In March 1942, at age 17, he joined the U.S. Navy following Pearl Harbor and spent most of World War II aboard the USS Borum (DE-790), a Buckley-class destroyer escort. The Borum helped protect convoys carrying troops and supplies from Britain to the Normandy beachhead during the D-Day Invasion in June 1944.

“There was no place on earth I would rather have been on that day,” he said.

He piloted the USS Borum as it blockaded the Channel Islands and assisted British forces in their occupation of the Islands.

“The Borum had the distinction of being among the first ships in the invasion area and the last to leave,” he wrote in a June 5, 1984, column. “One by one the others departed, but our ship and our sister ship, the USS Maloy, stayed.

“During the fall and winter of 1944-45, we moved around the Cherbourg peninsula to patrol the Channel Islands of Alderney, Guerney, and Jersey, British territory which remained in German hands until the end of the war. Peace came to Europe May 8, 1945. On June 6, exactly a year after D-Day, we pulled up one last time off the coast of Omaha Beach. With our little three-inch guns, we fired a salute to the men who had gone there with us and had stayed forever.

“And then we turned toward the west, and home.”

He signed on with the Journal in 1947, staying until the paper’s last issue, Dec. 31, 1991. Many Knoxvillians didn’t have their early morning coffee until the Journal arrived, and they found Ben’s daily column, Byrd’s Eye View, or searched for his coverage of a Vol sporting event.

When the Journal became Knoxville’s afternoon paper in 1986, his writings were still anxiously awaited, especially his “Free Thought Association” feature that purported to predict the winners of college football games each Saturday.

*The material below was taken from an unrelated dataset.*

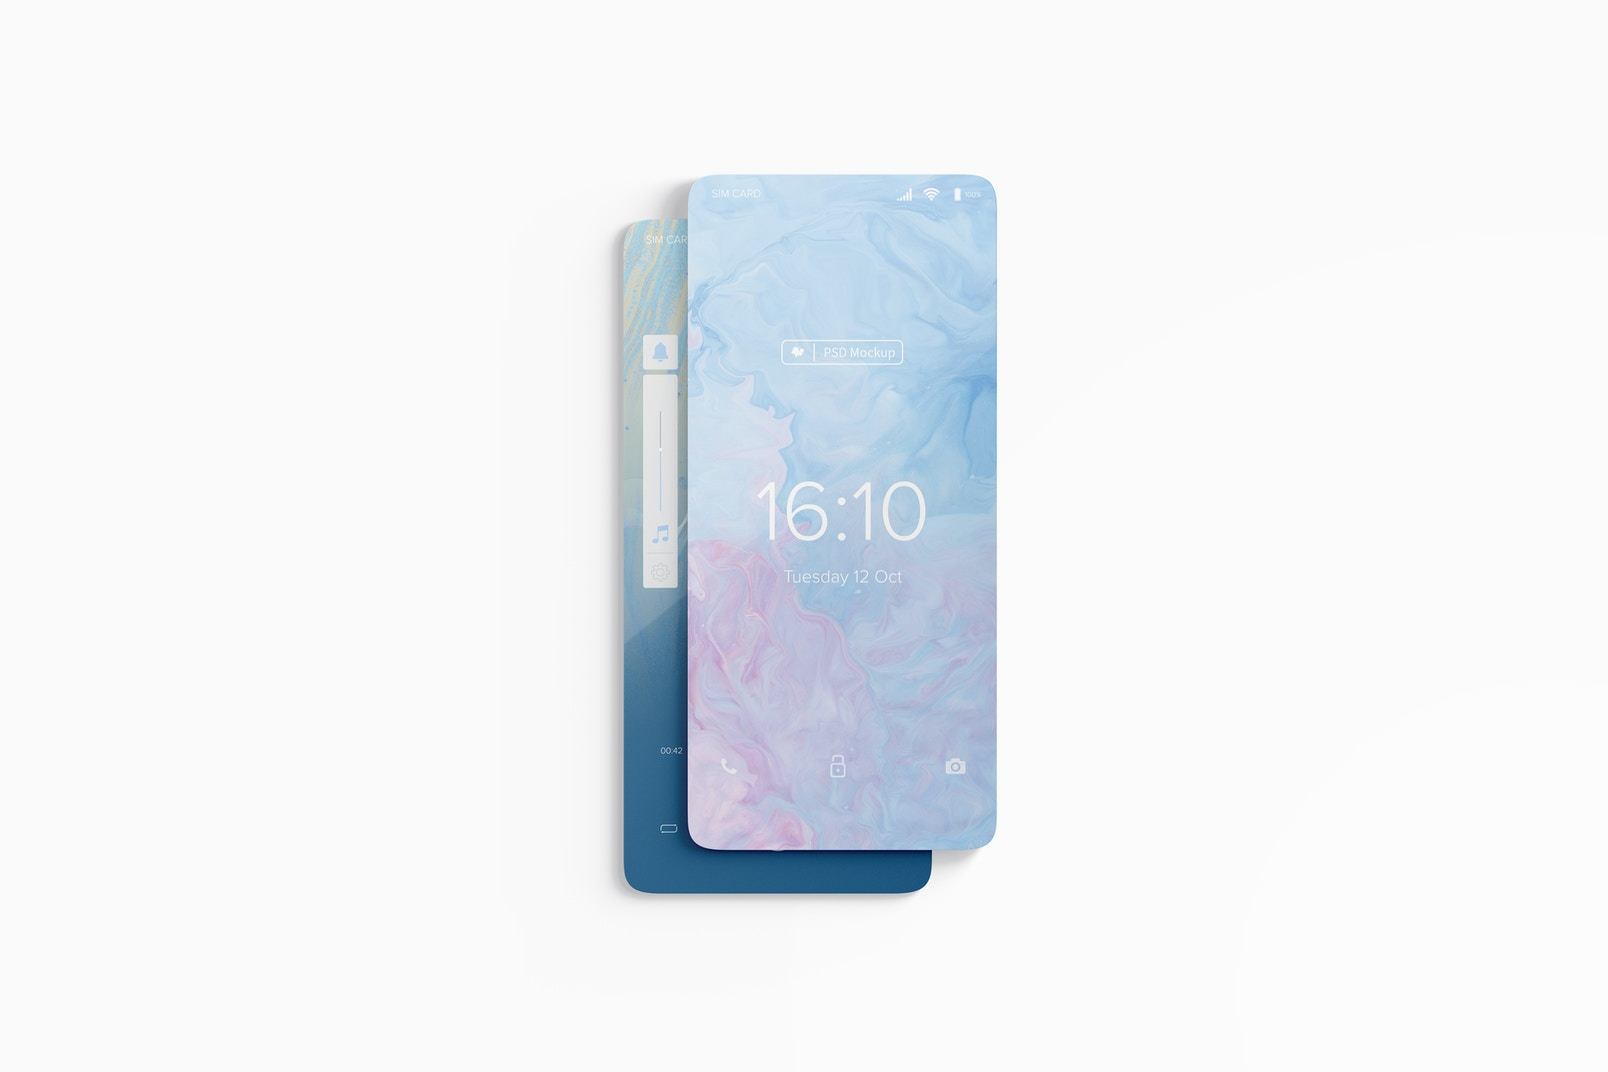 Smartphone Screens Mockup, Floating

He found time to author three books, biographies of Archie Campbell and John Majors, and a history of the University of Tennessee basketball program. He also shared billing with cartoonist Charlie Daniel on a book of Daniel cartoons titled, “UT Football Cartoons by Daniel, with some free thoughts by Ben Byrd.” He won national awards for his writings and was honored by Congressman Jimmy Duncan in the April 15, 2010, Congressional Record.

When Belmont College, coached by Ben’s son, Rick, came to Thompson-Boling Arena for a game against Tennessee, Ben sat on press row, watching intently. The game was still in question down the stretch, and the television people had a camera on Ben as play progressed.

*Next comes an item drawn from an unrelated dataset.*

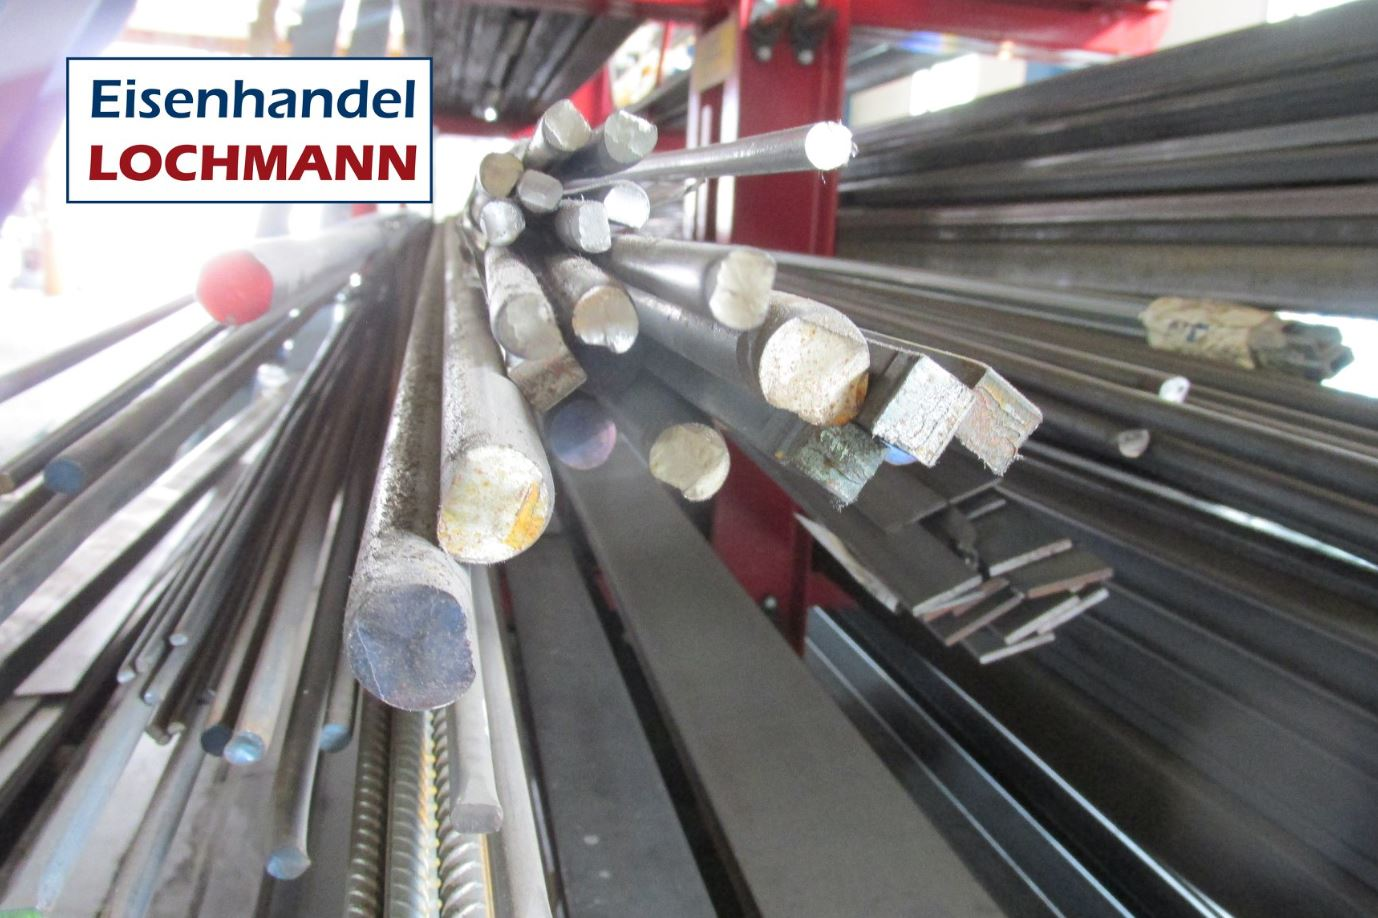 Eisenhandel Lochmann

Sitting there with the media, Ben couldn’t cheer or show outward emotion, but the cameras occasionally showed a grimace when things weren’t going so well or a quick smile when things were. Ben had covered a number of exciting finishes, but watching his son coach in a tight game, against Tennessee or anybody else, had to have been something special.

“There were the personal attributes, fairness, decency, humility, more than anything, that I remember,” said Rick. “He never cared about credit or recognition. He wasn’t interested in being a rabble-rouser or stirring things up. He wanted to report the games and the people involved. It was a different world back then.”

He also found time to support events in the community, particularly the Boys and Girls Clubs of the Tennessee Valley and its major yearly fundraiser, the Greater Knoxville Sports Hall of Fame.

“My work has also brought me into close contact with coaches, players, officials and other citizens of the world of sports,” he wrote in the Journal’s final edition. “Again, they are too numerous to name, but to say that they have enriched my life is an understatement.

“Sports is an enchanted land through which the little boy or girl who lives inside all of us loves to wander, but too many of us too often forget that winning and losing are not life or death.

“Rudyard Kipling told us to meet with triumph and disaster and treat those two imposters just the same, but then old Rudyard never attended a football game at Neyland Stadium.”

“Perhaps the most important lesson he taught was the value of loving other people,” said daughter Kathy Byrd. “He once told his granddaughter that she will learn that the more people who love you and the more people who you love, the better off you are. He taught that in the way he lived and interacted with his family, friends, and even strangers.”

No one knows exactly how many University of Tennessee games Ben Byrd covered at Shields-Watkins Field/Neyland Stadium, Thompson-Boling Arena, and elsewhere, but he told each story as few others could. When the next history of Tennessee athletics is written, his name belongs on page 1 and throughout the narrative.